Hence, large improvements of overall performance, indicated by high CRPSS values (Fig. 8), usually point to large systematic discrepancies between the raw SEAS5 and the reference ERA5-Land. This is obvious for, e.g., the minimum temperature forecasts which show a negative bias of the raw forecasts (Fig. 2), high CRPSS values (Fig. 8) and reduced RMSEs after the bias correction (Fig. 3) across almost all basins and forecast months.

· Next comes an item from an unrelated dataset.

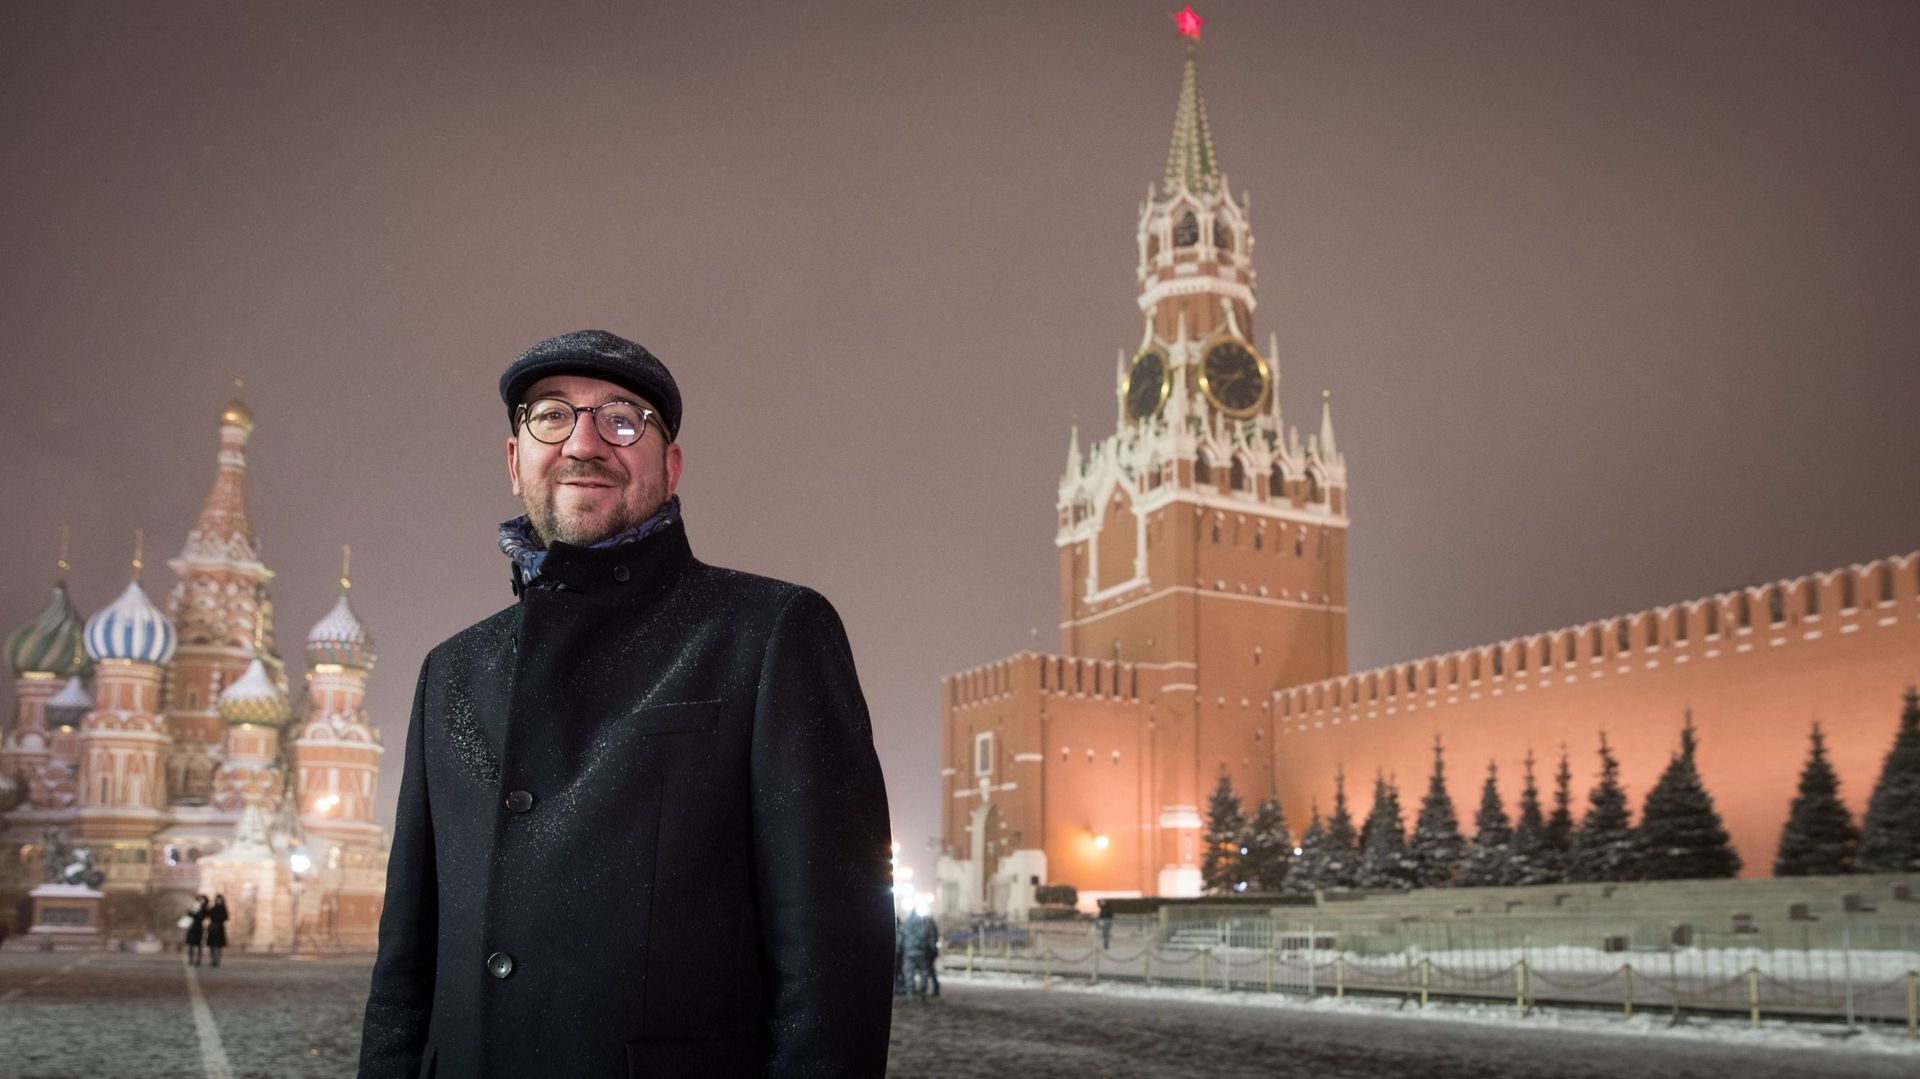 En Russie, Charles Michel abordera les droits de l'Homme: "Il n'y a pas de tabou"

Besides these mostly positive results for BCSD, the mixed impact of the BCSD approach across the D01 domain, indicated by negative CRPSS values for the KA Basin in Fig. 8, requires a closer look. Iran's climate during the rainy season is dominated by migrating low-pressure systems mainly from the west and the Mediterranean Sea (Khalili and Rahimi, 2014). The precipitation over the D01 domain hence occurs intermittently and spatially variable, which is usually difficult to predict especially with higher lead times and over the mountainous headwaters of the Karun. For such regions, it is necessary to correct for the amount and spatial location of precipitation as well as the wet- and dry-day frequency. While, according to Fig. 7, the wet-day frequency even for high lead times could be improved, the CRPSS values in Fig. 8 show worse agreement with ERA5-Land after the bias correction during the transition from the dry to the wet season (November) or the transition from the wet to the dry season (April). We assume that this is caused by the application of a 31 d window for estimating the distribution functions, which might not be adequate in such strongly varying climate conditions during the transition months between the wet and dry seasons. This can also be seen in Fig. 2, where particularly the lead-0 and lead-7 temperature forecasts show remaining biases with values of up to 0.7 ∘K. The temperature bias in the first and last forecast months appears strongest in the KA Basin due to the large annual temperature variations with an annual temperature range of up to 45∘ (Table 1). Nevertheless, mostly positive CRPSS values at these lead times (Fig. 8) result from still reduced biases compared to the raw forecasts (Fig. 2).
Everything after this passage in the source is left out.